In the logarithmic spiral, which is called the center of the shell, here called spiral pole. Please specify more abovementioned property geometric spiral. A few sentences ago was mentioned, is that, in a further spiral loops are becoming more erect and this shows that successive loops, are becoming increasingly distant from the pole. It is also worth mentioning that this distance is growing exponentially. Another feature of this spiral is that the curve of the road from any point on it to the pole is proportional to the distance from a pole, and inversely proportional to the cosine of angle, which it determines the spiral. Going from a specific point on the spiral in the direction of its expansion, its pole goimg to infinite number of times, never reaching it. The reason for this that we will always be away from the pole.
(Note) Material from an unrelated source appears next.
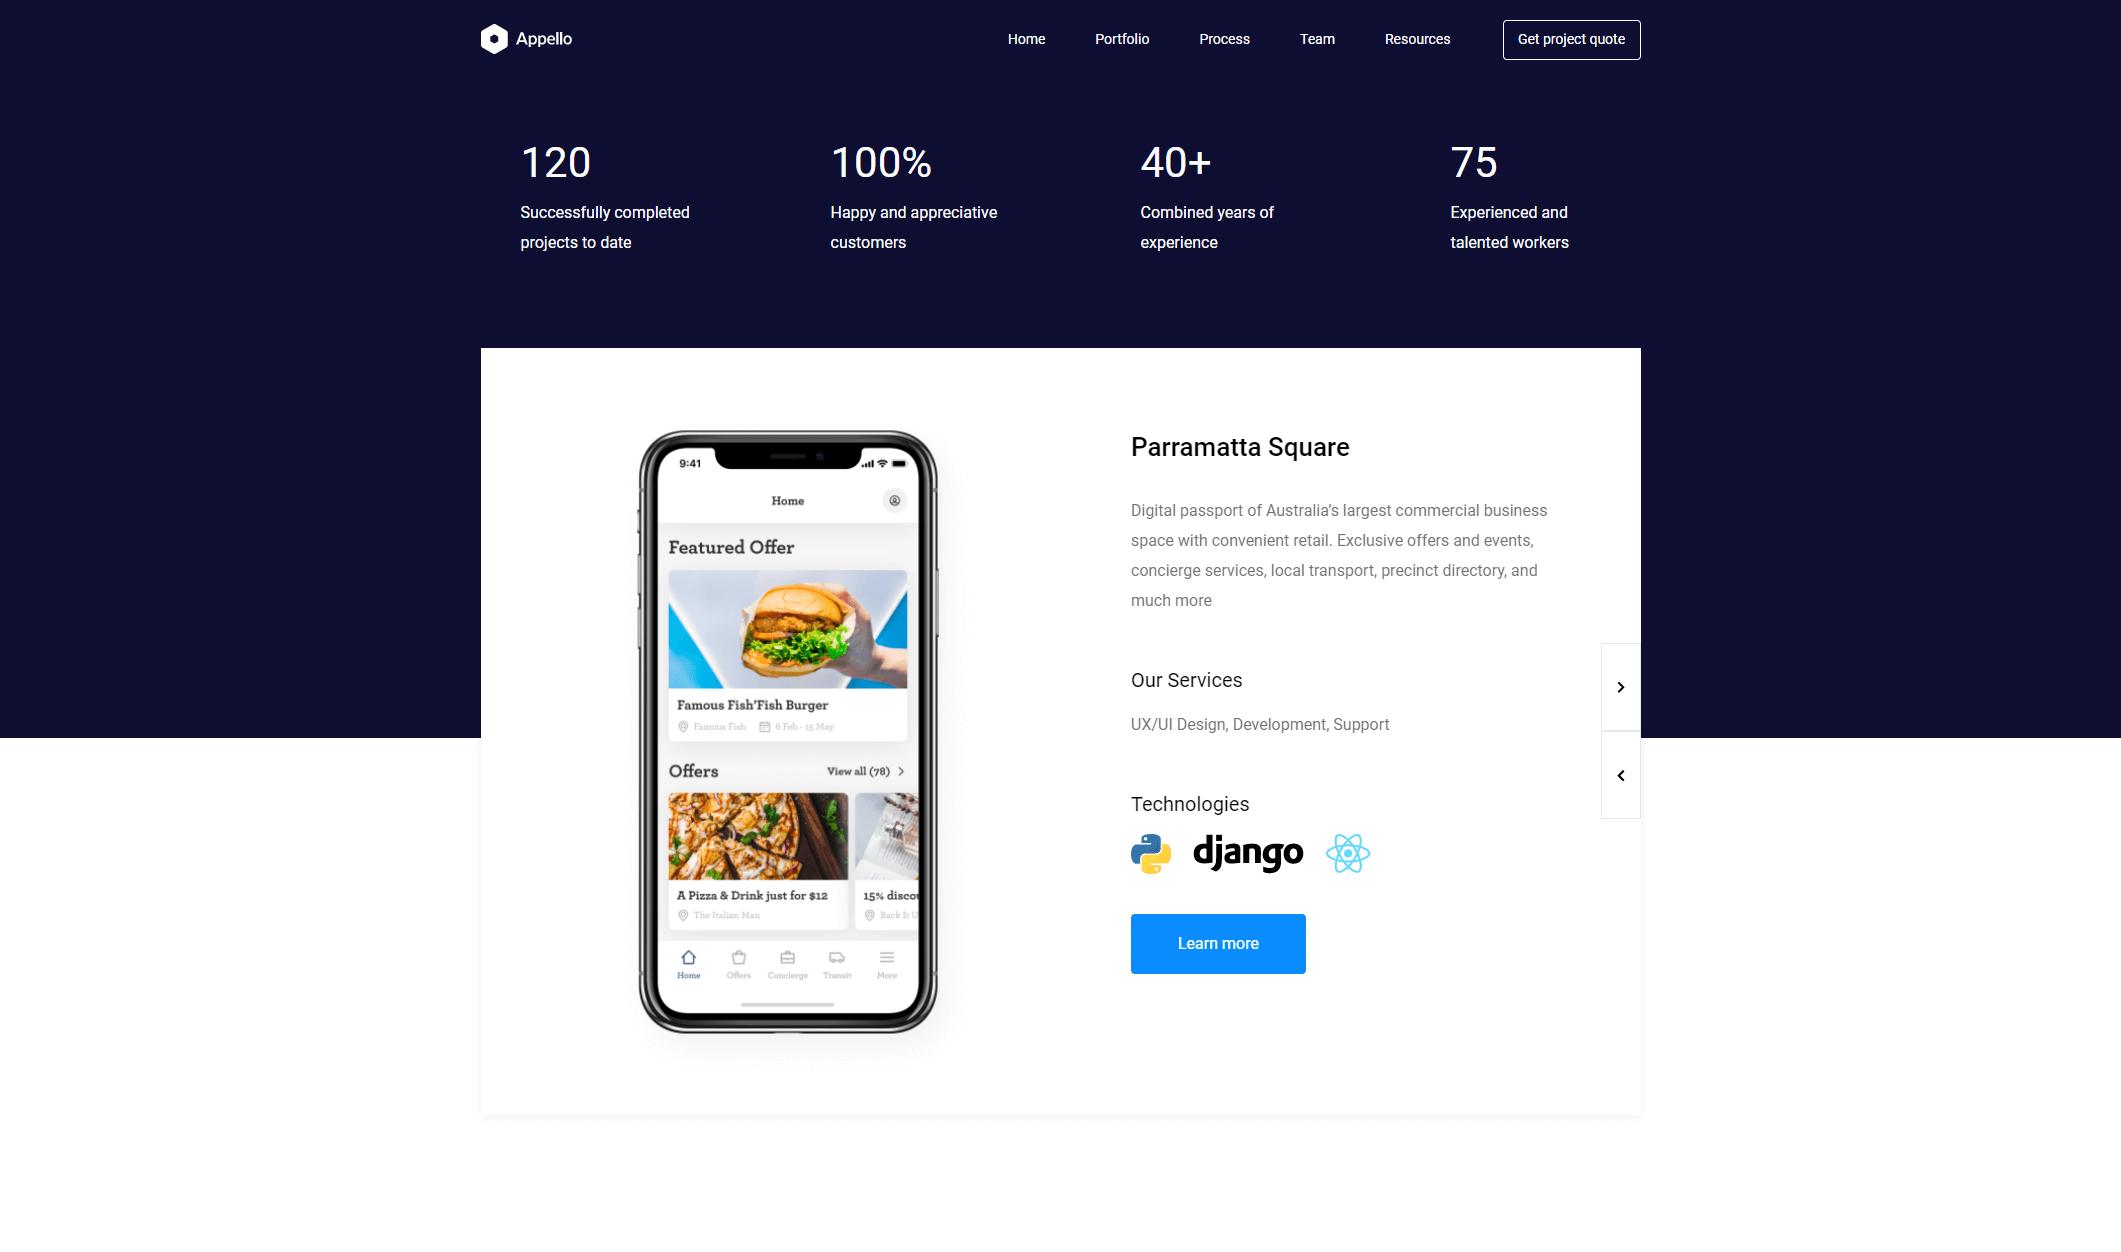 appello.com.au-3

Besides the shell snails, logarithmic spiral occurs in very many places in our world. Starting with little, after the larger and ending with huge. Such as the creation of small flying insects have a relationship with the logarithmic spiral, as the insect flying into the light, keeps constant angle between the flight path, a light source. The television often hear about disasters, which led to tropical cyclones or hurricanes. But perhaps few who know that their arms are arranged on the spiral shape of log. The shapes of these take the spiral arms of spiral galaxies.

In order to guess what is the gateway connecting the logarithmic spiral from the logarithmic function, simply look at the same design spiral. There is also a symbol of "*e*", which is the foundation of the natural logarithm. For the logarithmic functions, logarithms are values. The function of this we define as follows: function *f(x) = logax*, where a>0 and x>0 .

Logarithmic function has many properties. An important one is that for each and belonging to R/{1} the function of a continuous basis in the collection of R. Another important property of functions is as follows: for each and belonging (1; infinity) is a growing feature in the collection of R , while in the (0,1) is decreasing in the collection of R.

On such a simple, they are snails, which communicate with the logarithmic function, you can show that many things can explore and discover these you will never end. Never we think, but that does not benefit may be associated with the other, because it suggests to us an instinct. To find the logarithmic spiral first mathematician had to watch the shells snails, or watch a galaxy, or look at the phenomena of nature such as cyclones. The proposal raises a simple, always worth learn from all fields of science and look at the things that we are not important. Looking at the tiny part of the world know not go to the end, not knowing the rest.